Nationally there are good numbers of the rare Red-veined Darters and Lesser Emperors being reported at the moment, including some from nearby Berkshire, so keep your eyes out for these. If you are lucky enough to connect with one or other, please let me know. Some keen local birders also seem to be developing an interest in expanding their county dragonfly lists, so they would also doubtless be interested to hear about any county sightings! 

For further information on dragonflies in Oxfordshire, have a look at the county dragonfly section of my website where you will find a county list, a site guide as well as the latest news.



Back in Time 
by Paul Chandler

21st May 1997, Fulbrook, Oxfordshire.

I was working at AEA Harwell at the time and had just gone out of the north gate at around 14:00 to visit a customer in a nearby building when my mobile rang. It was Tom Stevenson who told me there was a flock of 18 Bee-eaters at Fulbrook, a small village just north of Burford. All thoughts of fixing computer problems went straight out of the window!

I rushed back to the office and fortunately my team were well used to me dashing off at short notice. I told them what was on and passed the problem to a colleague and said see you tomorrow. As I run back in the north gate I mentioned what I was about to the police and as I left Harwell they just waved me through and wished me luck.

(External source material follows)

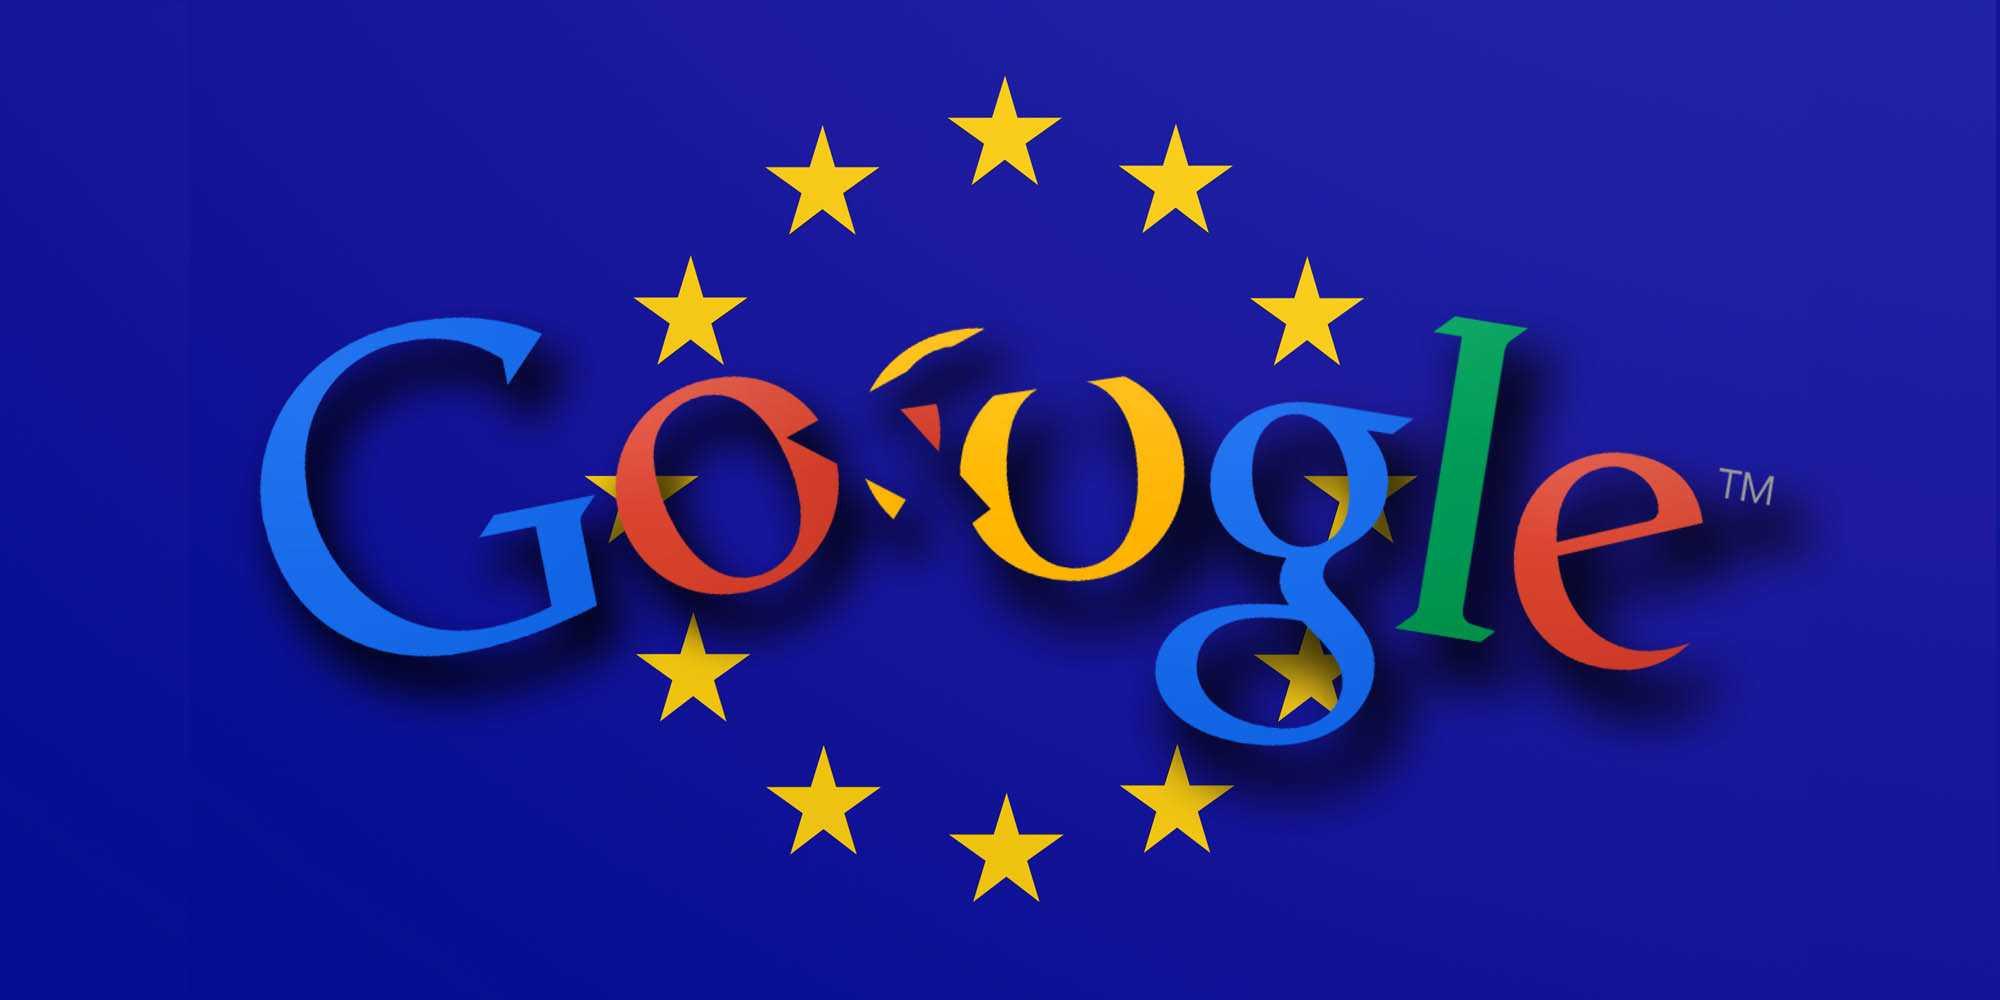 Google ne pourra pas vendre de moteurs de recherche alternatifs sur Android

Roughly an hour’s drive was done in good time; I parked up and quickly found some birders who were watching the Bee-eaters that had settled in the village on the telephone wires that criss-crossed the street. What a sight 18 European Bee-eaters in Oxfordshire. I didn’t actually notice many Oxfordshire birders present but the birds stayed until dark and quite a few locals got there OK.

This was a fantastic county tick and not 1 but 18! I had seen them in Britain before as I found 2 on Portland back in the 80’s, also seen some on Scilly but what a sight they made perched on wires in this quaint little Oxfordshire village.

Thanks to JWB who was first to get the info on the birds and then pass it to the “then” Teletree ensuring the news got around to as many Oxfordshire birders as possible and quickly. This was probably the largest flock of Bee-eaters to ever arrive in Britain and for those who got to see them........................well done!